3. Платье ее намокло чистой росой полей.
Подобно Савитри [160] нежной, зовет она сыновей.
Из цепких объятий смерти вырвав их, поведет
в будущее свой добрый, чистый душой народ.
4. От брега Каньякумари – до мест, где лежит Кашмир,
от тигров Ассама – в те, где свирепствует злобный Гир,
хлынет рассвет свободы от рабства и подлецов
и отразится в Ганге святое его лицо.
5. Как описать страданья милой Матери мне?
Ничтожества от закона, данного ей извне, —
мучители, а индийцы – улыбчивые рабы,
с позором до самой смерти – частью своей судьбы.
Читая эту строфу, доктор Махиджани сильно возбудился, но следующая строфа вернула его к спокойствию:
6. Вспомним героев гордых, вскормленных молоком
Матери их прекрасной!
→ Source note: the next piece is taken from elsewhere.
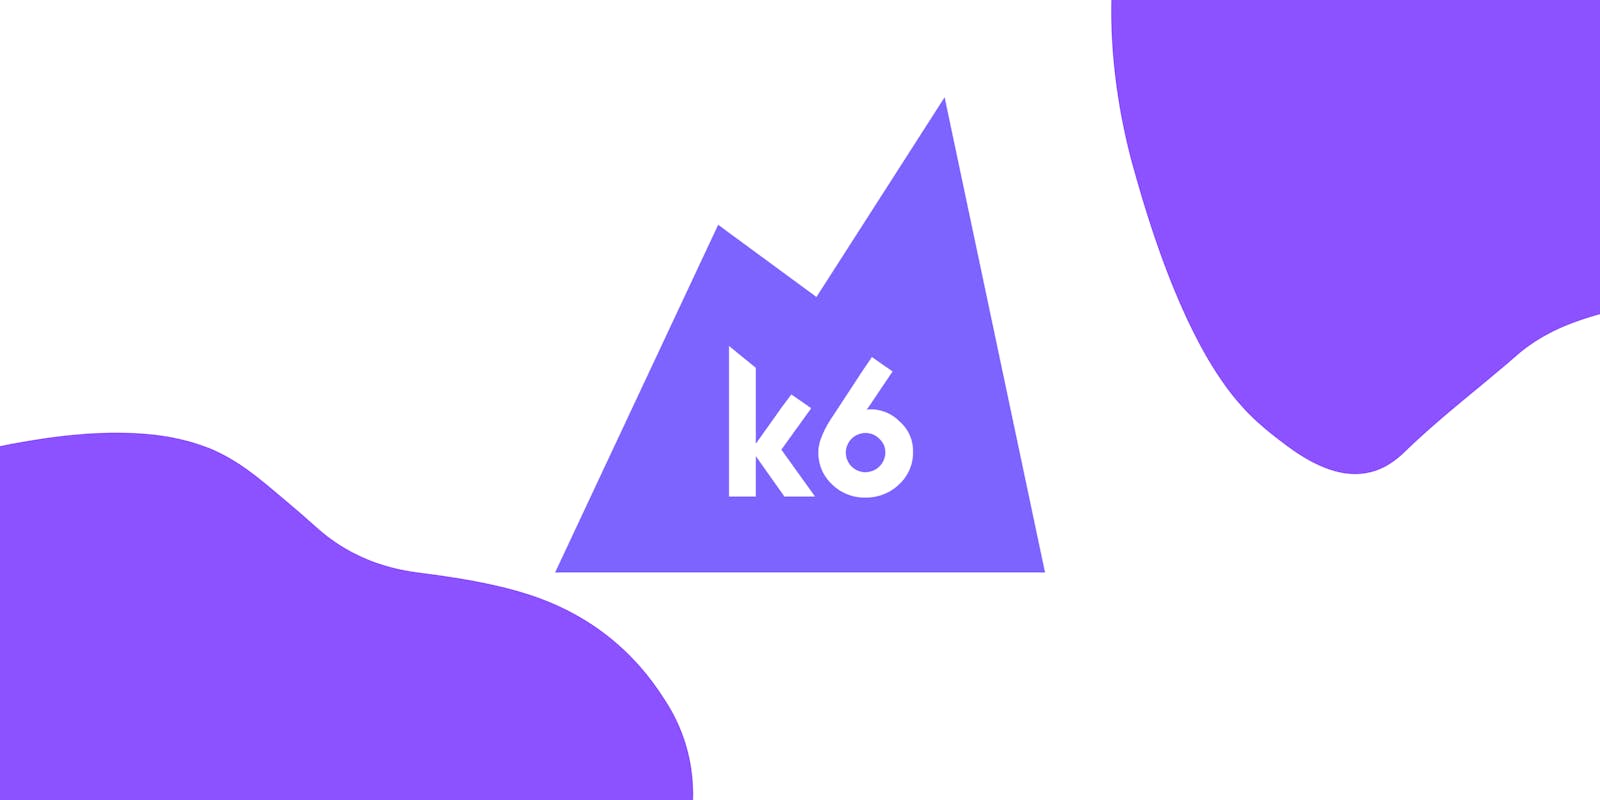 K6: The Load Testing Framework That’s Changing the Game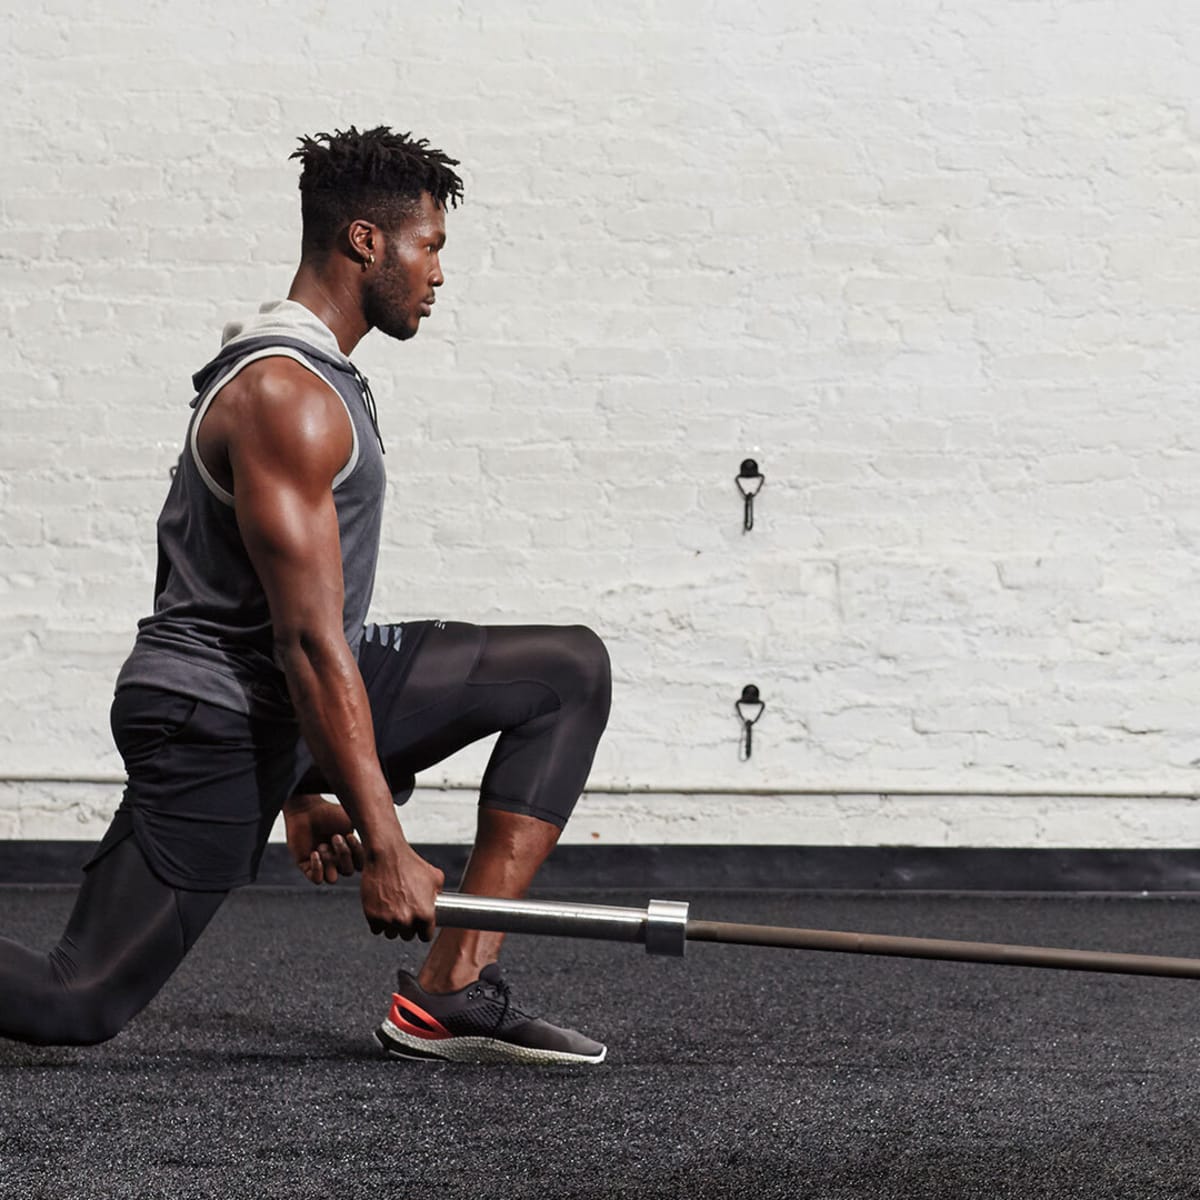 15 Best Lunge Variations to Strengthen Your Legs

Можно сказать о ком:
не кланялись, но сражались с честью ее сыны,
чтоб заложить основы дивной моей страны.
Кивнув нервному господину Навроджи, доктор Махиджани воспевал имя его тезки, одного из отцов индийского движения за свободу:
7. Дадабхай Наороджи в парламент был избран, он
парламентарий от Финчбюри – Небом благословлен.
Но не забыл о нежной материнской груди:
мечтал, чтоб шагала Индия с Западом по пути.
Лата и Кабир переглянулись с восторгом и ужасом.
8. Тилак из Махараштра! – приветствуем, господа.
«Сварадж – есть право рождения», – он заявлял всегда.
Но злобный судья трибуну выписал, взял билет
в плаванье, что продлится ближайшие 8 лет.
9. Террорист – позор страны – осужден, едва ли
сомневаться можно, он – есть отродье Кали!
Сари вышли в первый ряд, крутятся и вьются.
Дурьодханы, видя их, шутят и смеются.
Голос доктора Махиджани задрожал на этой яркой строчке. В последующих строфах он пустился в описание образов недавнего прошлого и настоящего.